A Review: The Return of Sherlock Holmes by A. Conan Doyle

4/5 stars

I have been reading books so slowly this year but after starting the third series of the BBC's “Sherlock” I decided to go back to my near-omnibus collection of Holmes tales and finish the third short story collection to be published. How does one review Sherlock Homes stories? If you are already a fan of the consulting detective these stories are more of the same. Watson is as wooden and clueless as ever. Holmes is as brilliant and manic as ever. The details of Victorian London with its trains, hansoms, calling cards, telegrams, retired soldiers and women caught by social conventions are all part of the fun. However, if you are planning to start reading the Holmes stories, there are better places to begin (I suggest A Study in Scarlet, which is the beginning). Doyle killed his creation off in 1893 because of his own declining interest in writing the stories. The stories in this collection began appearing in 1903 and though Holmes is back by popular demand, it seems the break didn't help Doyle rekindle any interest in the character.

I think mystery stories should be a game the author plays with the reader. Many clues are given by the author and the reader has a chance of sifting through them all to guess the solution just ahead of the author's revelation of the truth. If mysteries are that game, in these stories Doyle often cheats. More so than in other Holmes collections the adventures in Return rely on tiny clues which only Holmes observes (that's fine, he's the genius detective) and which Holmes doesn't tell anyone about (come on!). The adventures of the Priory School, the Golden Pince-Nez and the Abby Grange all strike me that way. That said, they aren't all cheaty. The Missing Three-Quarter, the Six Napoleons and my favorite Sherlock Holmes short story, The Solitary Cyclist are each about initially mistaking a character's motivations rather than missing subtle trace evidence.

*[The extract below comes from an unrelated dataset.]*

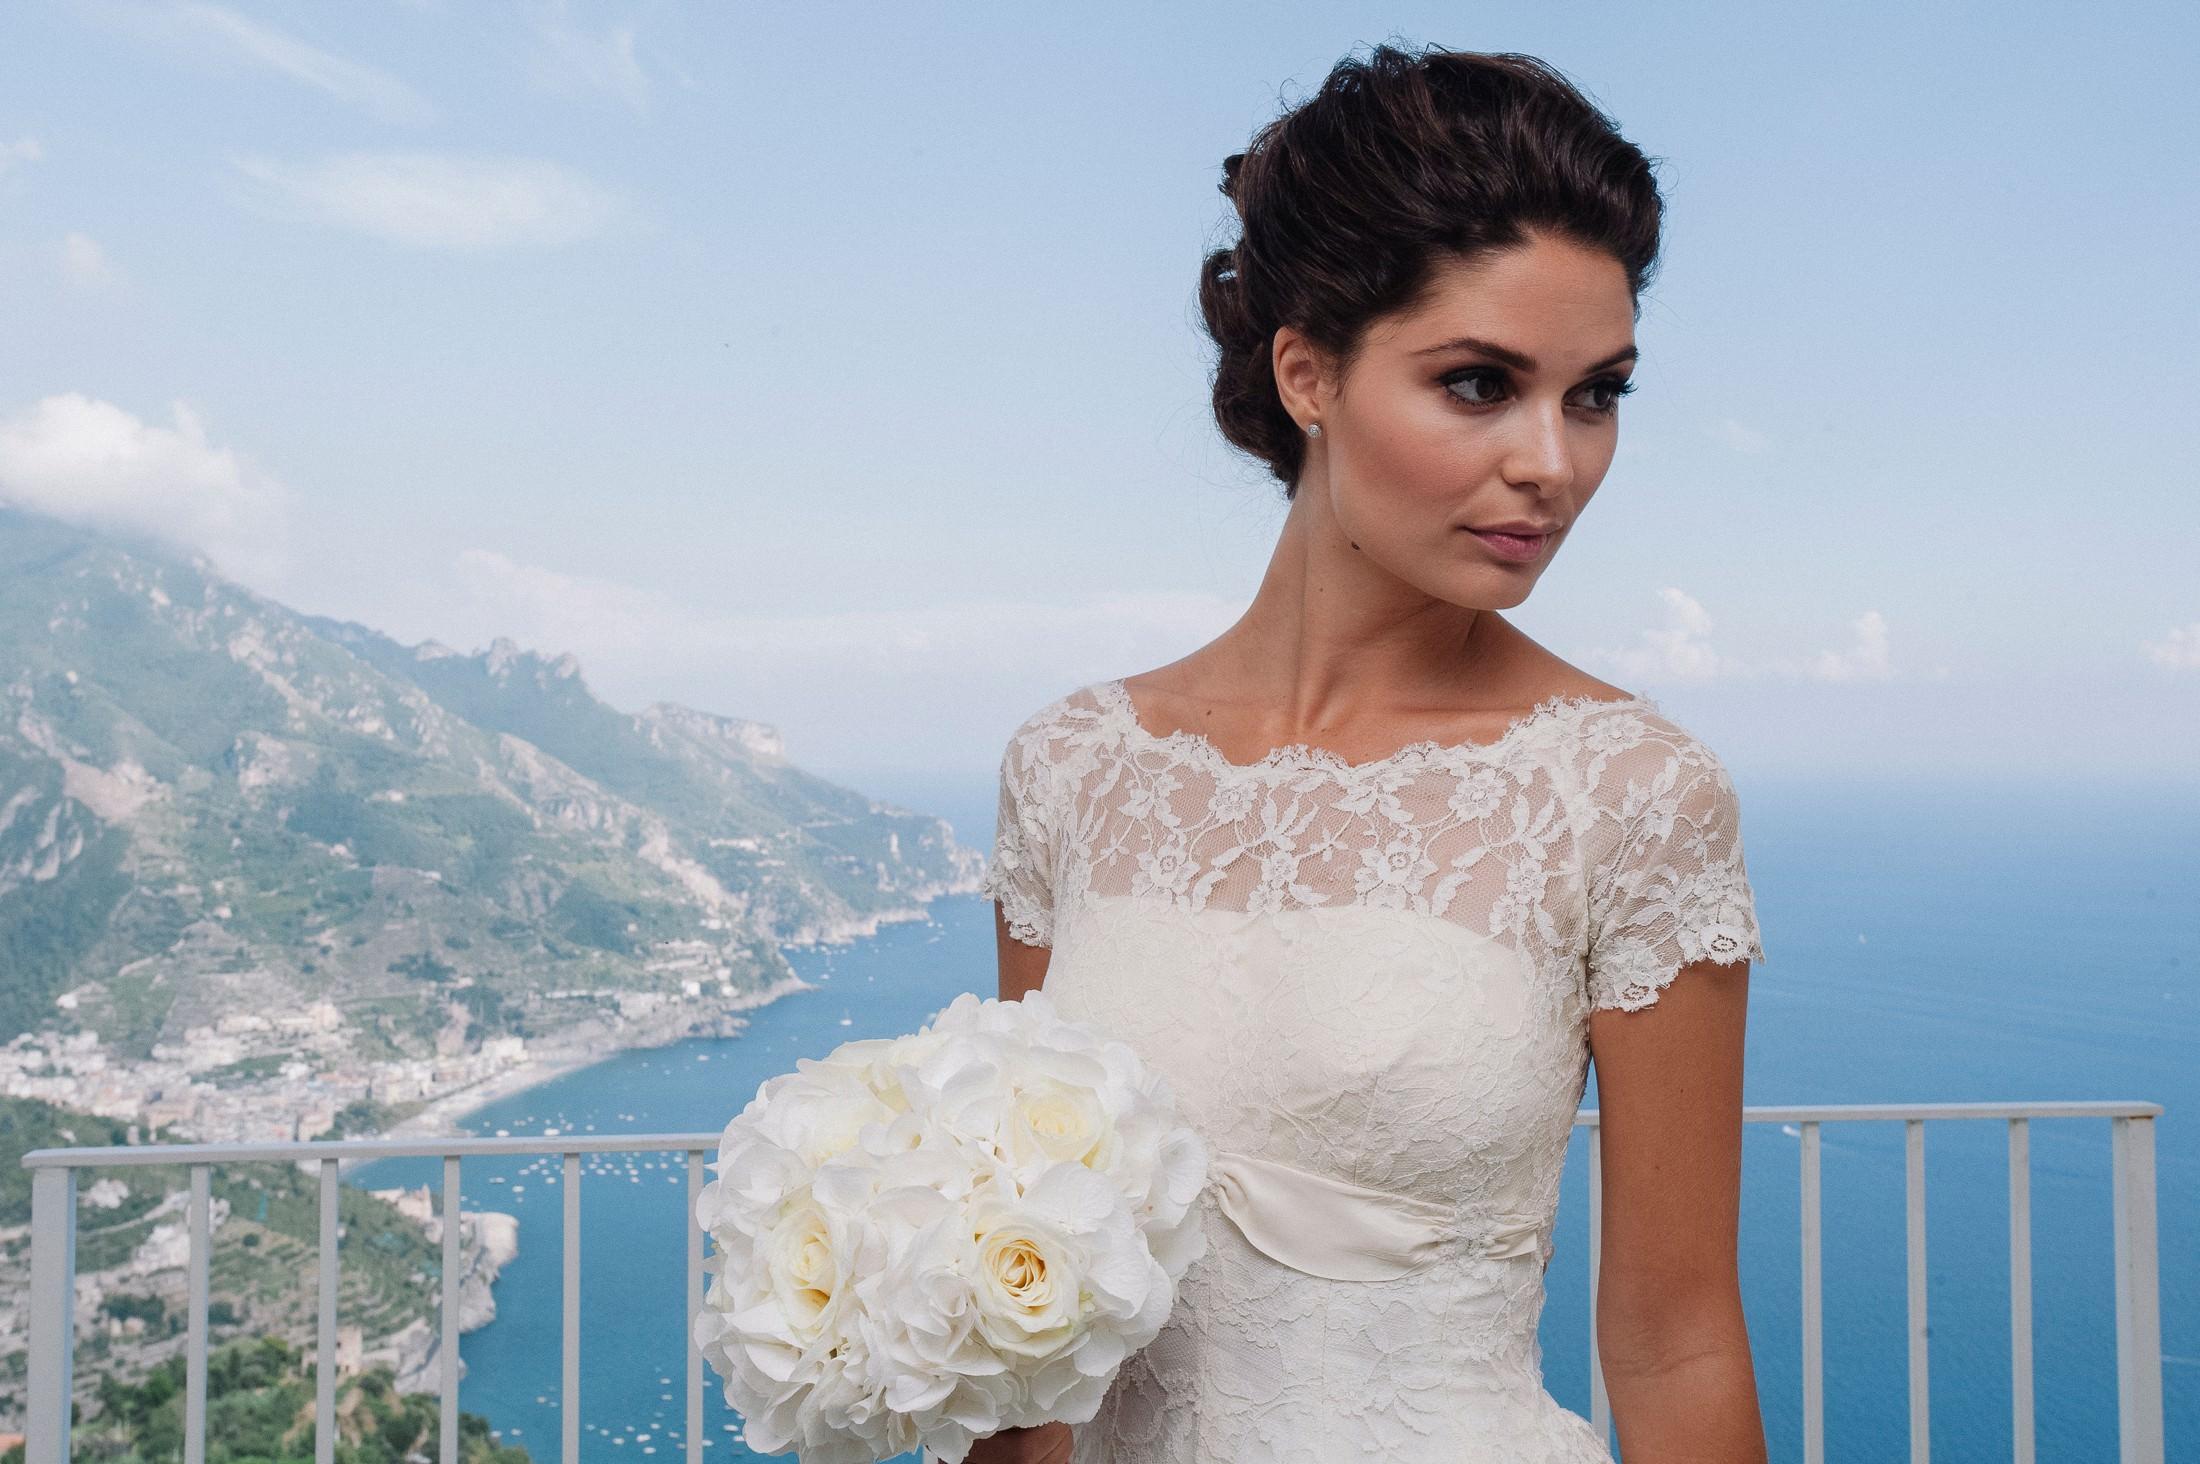 gianni di natale bride's portrait on the balcony in ravello

I'm sure others have looked into this, but I also notice what I assume is a change is Doyle's view of the law. Much more often in this collection Holmes looks the other way or denies knowledge of the truth in the face of the law because he is enacting his own sense of justice. In one story Holmes declares no one else is better suited to serve as judge of an impromptu court than himself! More than one murderer and it seems several thieves are let off by Holmes because they acted as they did in self-defense or to help a friend or because they were put to by love. In many of these “outside the law” stories the real killer or the blackmailer or general jerk ends up dead anyway. I have a friend who says “The universe tends to unfold as it should.” I guess Doyle thought the same way.

As with previous stories, there is a disturbing amount of fear of the foreign to Holmes' cases. It seems there is no truly English crime. The source of the trouble is always some outside influence. It always turns out that if an actual crime has occurred it was an Italian plasterer, an Australian sea captain, a whale fishermen who sent too much time in Norway, a fortune made in Rhodesia, a jealous Creole wife, or a Russian revolutionary who sets the plot in motion. That could be a reason to read these second-rate mysteries. The fin de siecle zeitgeist was powerfully suspicious. That sentiment is part of what lead to the horrors of the Great War, now one hundred years old. Thanks, Conan Doyle.

One last thing, for fun. Since I started with “Sherlock” let's return there. Here's my match up of the series three “Sherlock” episodes and the original stories which inspired them, several of which are in The Return of Sherlock Holmes.
The Empty Hearse – The Empty House (title and a few scenes).
The Sign of Three – The Sign of the Four (title and almost nothing else).
His Last Vow – Charles Augustus Milverton plus little bits of His Last Bow and The Second Stain.